The promise to renegotiate or else withdraw from NAFTA was one of the central points of the Trump campaign that helped him win states like Michigan, Ohio, and Pennsylvania. In keeping with his campaign promises, the Trump administration has since proposed to tighten automotive content rules and rules of origin (from 62.5% to 85%) to increase car production in the United States.
According to Scotiabank’s Global Auto Report, the push to renegotiate NAFTA could give rise to “significant uncertainty” across North America. Since the agreement came into force in 1994, NAFTA has resulted in an extremely complex and integrated web of auto supply chains. The expansion of assembly plants in Mexico, for example, accounts for a third of American auto part exports, an improvement over the less than 5% share prior to NAFTA’s inception. Any disruption in the free exchange of vehicles and auto parts could destroy the integration, stable pricing, and other comparative advantages that have enabled the North American auto sector to outperform other manufacturing industries and standout from the global auto market.
Automakers from all three jurisdictions are on the defensive over the potentially negative economic impact a more protectionist version of NAFTA could have, explains Peter Hall, the vice president and chief economist at Export Development Canada, adding “this new wave of ‘America-first’ thinking is not just troubling to Mexico. Canadian producers are worried that the ill feelings might also shift our way, forcing, or subtly coercing increased production stateside.”
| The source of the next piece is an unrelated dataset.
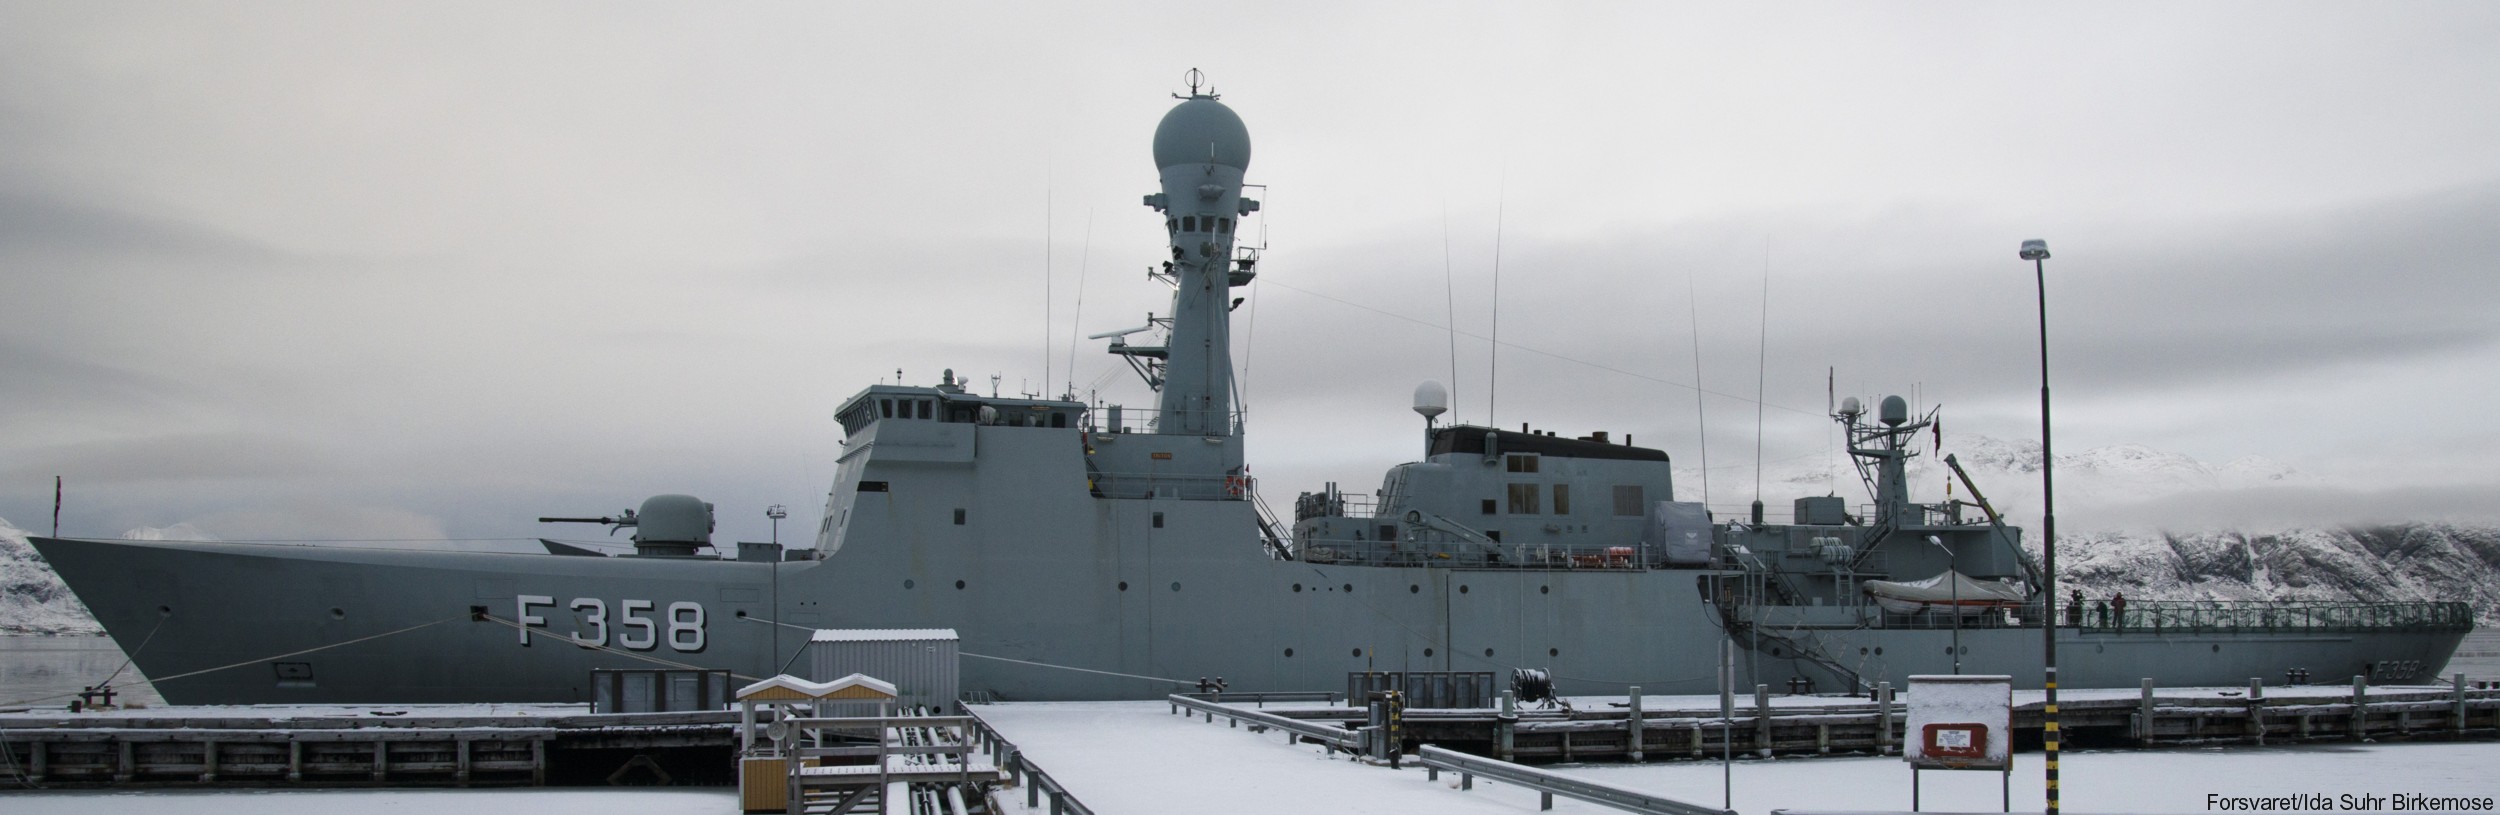 f-358 hdms triton thetis class ocean patrol frigate royal danish navy kongelige danske marine kdm inspektionsskibet 10

For now, the major automakers are deploying a “wait-and-see” strategy on their next investment moves. Ford is still planning to invest $700 million into its Ontario operations, while General Motors Canada is implementing projects across its Ontario operations with a $554 million investment. And Fiat Chrysler still plans to inject $325 million into a new paint shop at its Brampton plant, and $6.4 million in Toronto operations.